AbstractConcept (the_con_cept) wrote in fanfic_fanfic,

Pardoning Snape, Free to Good Home

posted by: abstract_concept in fanfic_fanfic

Name: the_con_cept

Length of fragment: 756 words

Fandom: HP

Main characters and/or pairing(s): Possible Snape/Harry, but it can go where ever you want.

Rating: Nothing graphic, so I’d say this bit is PG-13, though it’s a bit darkish in tone.

If you think you can do better (and chances are you can) go for it!

Other notes: This is your standard beginning for wrapping up the "Snape-gets-captured and vindicated (or at least pardoned) scene", for any fic that needs such a thing. I have too many of these, I swear. I really like this one, but the fics I’m doing right now don’t need this scene. If you want any clarifications, feel free to hit me up, I’m at tangled_feet@yahoo.com beyond that, it’s all yours baby.

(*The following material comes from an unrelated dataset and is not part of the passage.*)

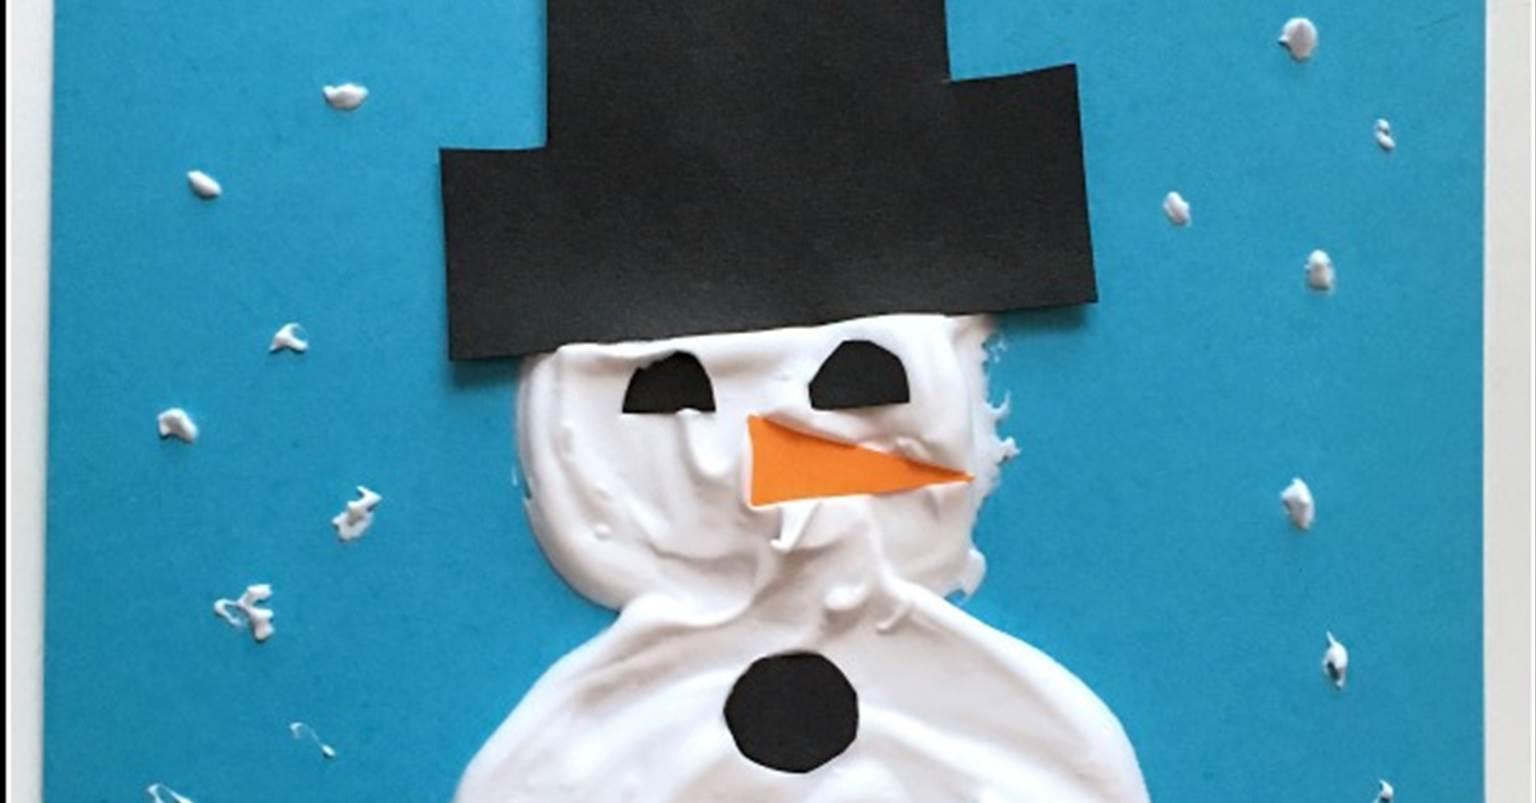 Paper plate sun craft summer craft for kids paper plate apple craft snowman portraits winter snowman craft for kids jeuxipadfo Gallery

It was almost a shame that no one ever asked. No one spoke to him at all, anymore. Oh, he’d gotten away with it—so to speak—he’d walked free after killing Dumbledore, and harbouring Draco after the boy had managed to kill off the youngest Weasley girl, and being caught right in the thick of Death Eaters as Voldemort fell.


            Thank the gods for Veratiserum. It was probably the only thing that saved his neck—they’d had him on the ground, the Ministry officials swarming around, voices echoing in the muggy air, calling for one of the few ‘tame’ dementors left to come and do its duty, and he’d lost all composure, grovelled, tripped over his own tongue trying to explain, dug his fingers into the loam and watched them gouge trails of black earth as he was dragged away.


            And then Potter had spoken, saying, “No. We’ll give him a fair trial. Then we’ll let the dementors have him.”


            Severus wept with relief, and cursed himself every moment afterward for his weakness. Sometimes he thought it would have been better to die that day—or to lose his soul, which was rusted and battered and worthless by now, anyway. Other times, he remembered the dementors, remembered watching them converge on Grimmauld Place, remembered Remus Lupin’s screams of terror become hollow, remembered—


            But justice was mercifully slow.


            By the time Severus came to trial, the dementors had all been destroyed—by decree of Harry Potter, it was said. Not that the boy had any right to be making decisions like that—but a word in the right ear, or in his case, any ear, would see it done.


            And on the stand, they’d given him Veratiserum. Pure, smooth, clear, and rich. It bubbled in his veins and the words had frothed on his tongue, fomenting his sins and sending them to burst in the light. Luckily, most of them had been done with good intentions, and the justifications had trickled out, as well. It was difficult to convict a man of murdering someone who was dying, when that ‘murder’ had gained the side of the light so much.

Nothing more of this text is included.